Right to Health, Right to Food next on agenda: Pranab

August 09, 2010 12:38 am | Updated 03:06 am IST - KOLKATA

Emphasising the Congress's commitment towards “inclusive growth,” Union Finance Minster Pranab Mukherjee said here on Sunday that after enacting laws on the Right to Information, the Right to Education and providing 100 days employment, the Centre would take steps to ensure the Right to Health and the Right to Food for all citizens.

“The government will provide 25 kg of rice or wheat at a predetermined price of Rs.3 per kg, irrespective of what the market prices are,” Mr. Mukherjee said.

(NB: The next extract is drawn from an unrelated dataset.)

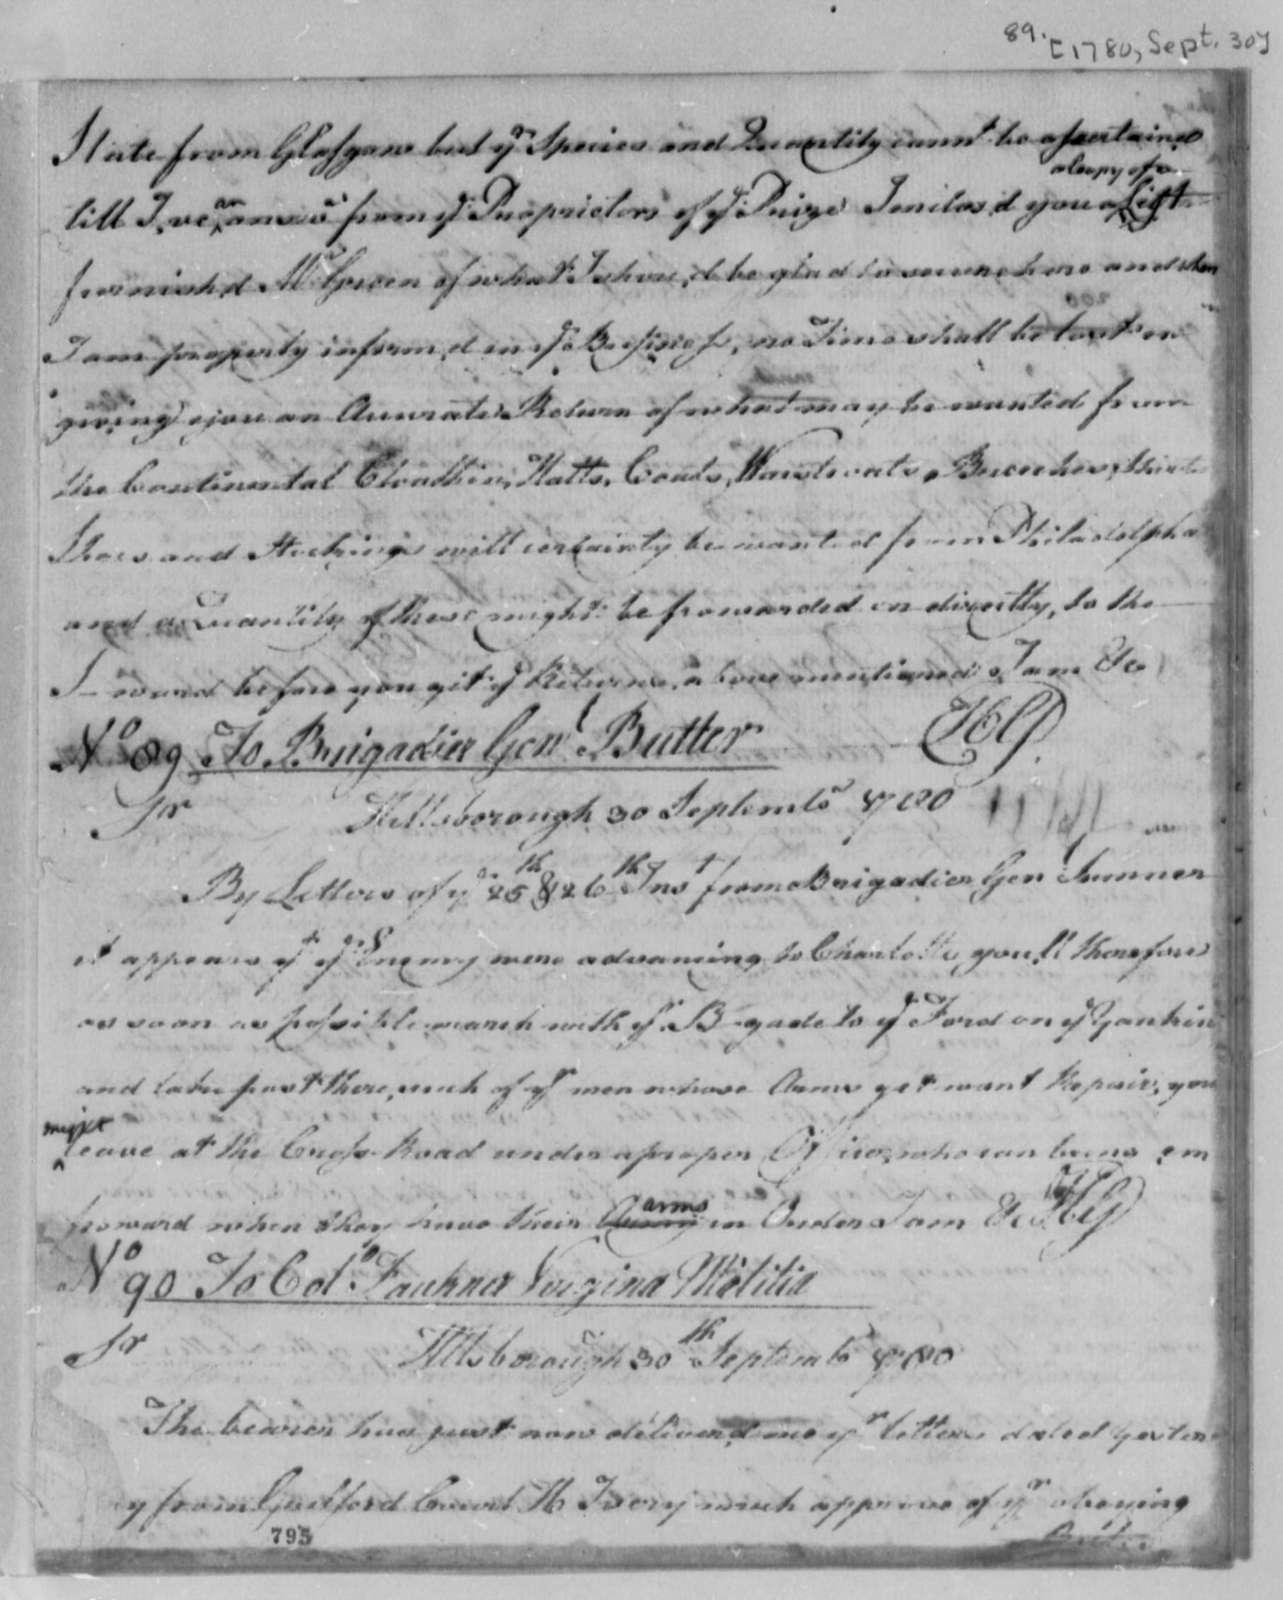 Horatio Gates to John Butler, September 30, 1780

Mr. Mukherjee said Minister for Human Resource Development (HRD) Kapil Sibal had estimated that Rs.2.31-lakh crore would be required over the next three years to implement the Right to Free and Compulsory Education Act, 2009. The funds would be directed towards building of schools, appointment of teachers and providing infrastructure, he said.

“I will be in a position to give the HRD Minister the required funds,” Mr. Mukherjee said.

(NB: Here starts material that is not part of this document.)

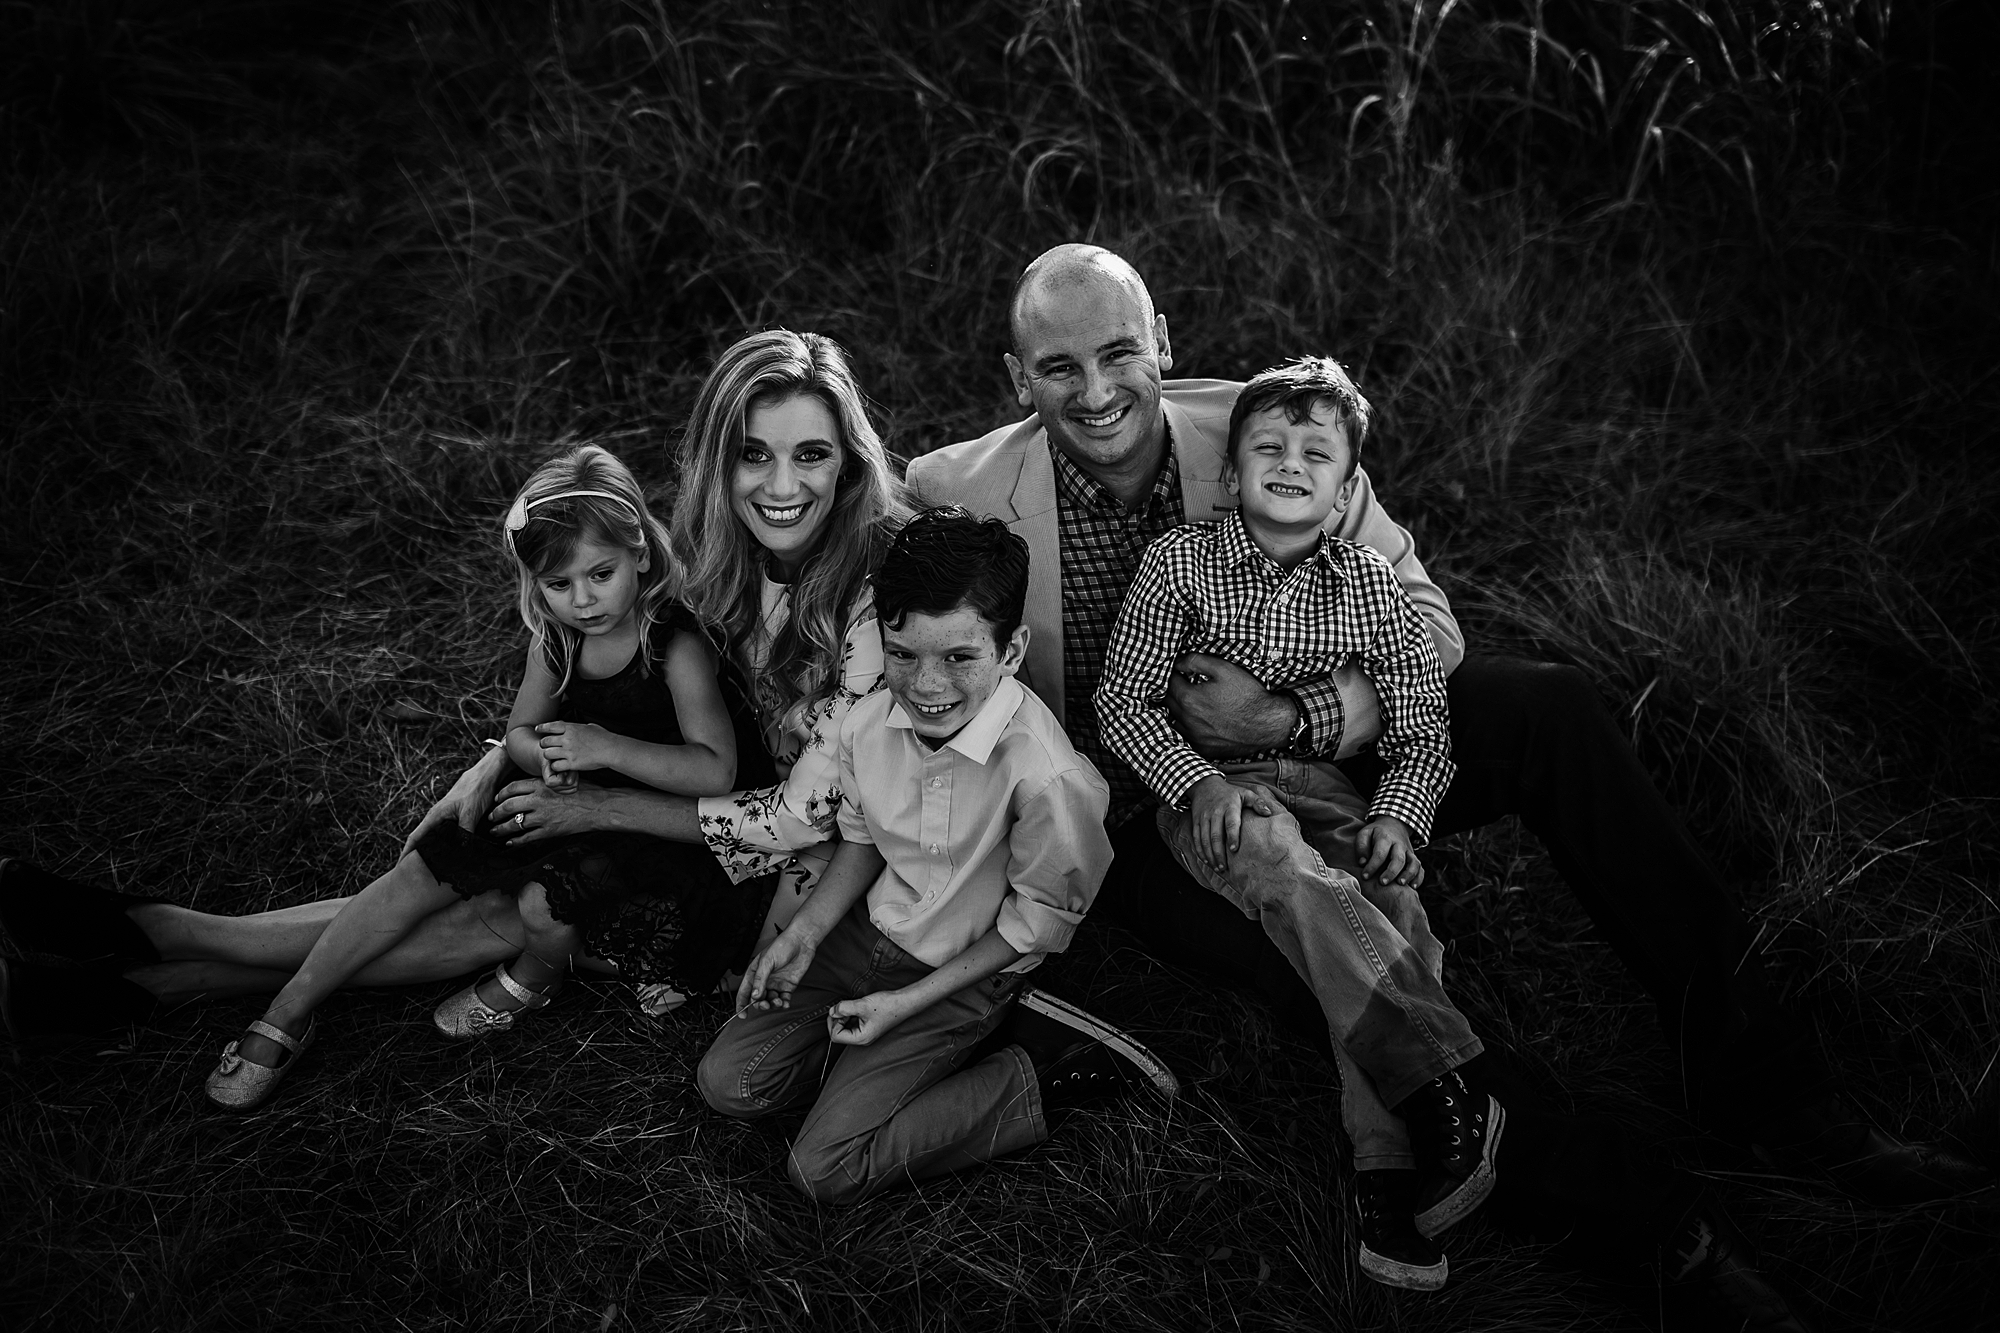 Perkins-San-Antonio-Family-Photographer-40_WEB.jpg

He said that spending on measures such as the Rs.70,000-crore waiver of loans for farmers and the National Rural Employment Guarantee Act would not have been possible without the recent growth witnessed in the economy. “I was the Finance Minister in 1982 as well, but at that time I could not have done this,” he said.

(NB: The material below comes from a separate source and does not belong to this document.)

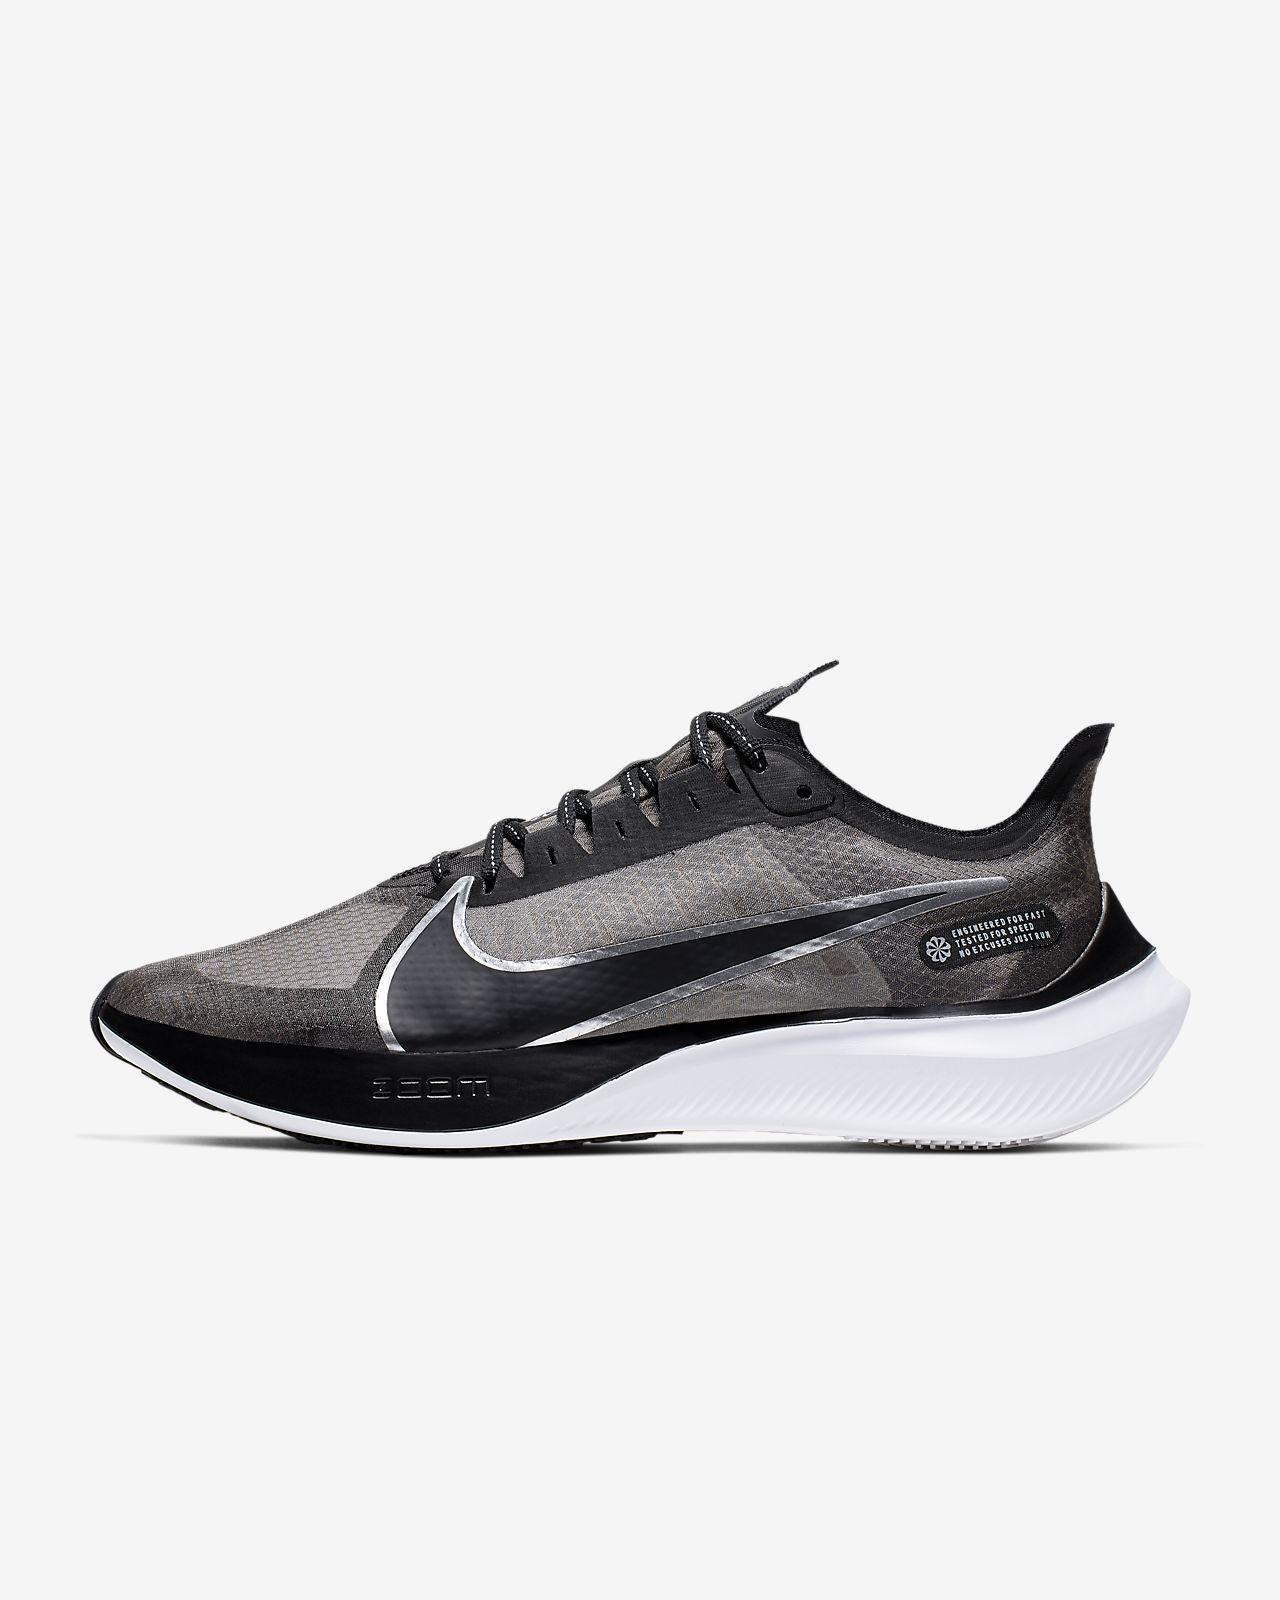 Nike Zoom Gravity Zapatillas de running Hombre

“In my Rs.11-lakh crore budget, apart from the committed liabilities, the biggest allocation of Rs.3.73-lakh crore is on planning,” Mr. Mukherjee said, adding that investment had been made on rural infrastructure and social and health sector.

He was addressing a seminar on “Vision of Inclusive Growth and the Evolution of Indian Economic Policy” organised as a part of the celebrations of 125 years of the Indian National Congress.

“Flexibility”

“The Indian economic policy has flexibility and that flexibility has been provided by the Indian National Congress,” Mr. Mukherjee said, asserting that “the Congress was never a dogmatic party.”

Tracing the salient features of the economic policy of the Congress from the time of Prime Minster Jawaharlal Nehru, Mr. Mukherjee said even though there was a major change in the industrial policy and policy relating to trade and foreign investment in 1991, “there is no inconsistency” in the core economic philosophy.

“The Congress does not believe merely in statistical growth,” he said, adding that a high growth rate of nine per cent would ensure more jobs and more wealth.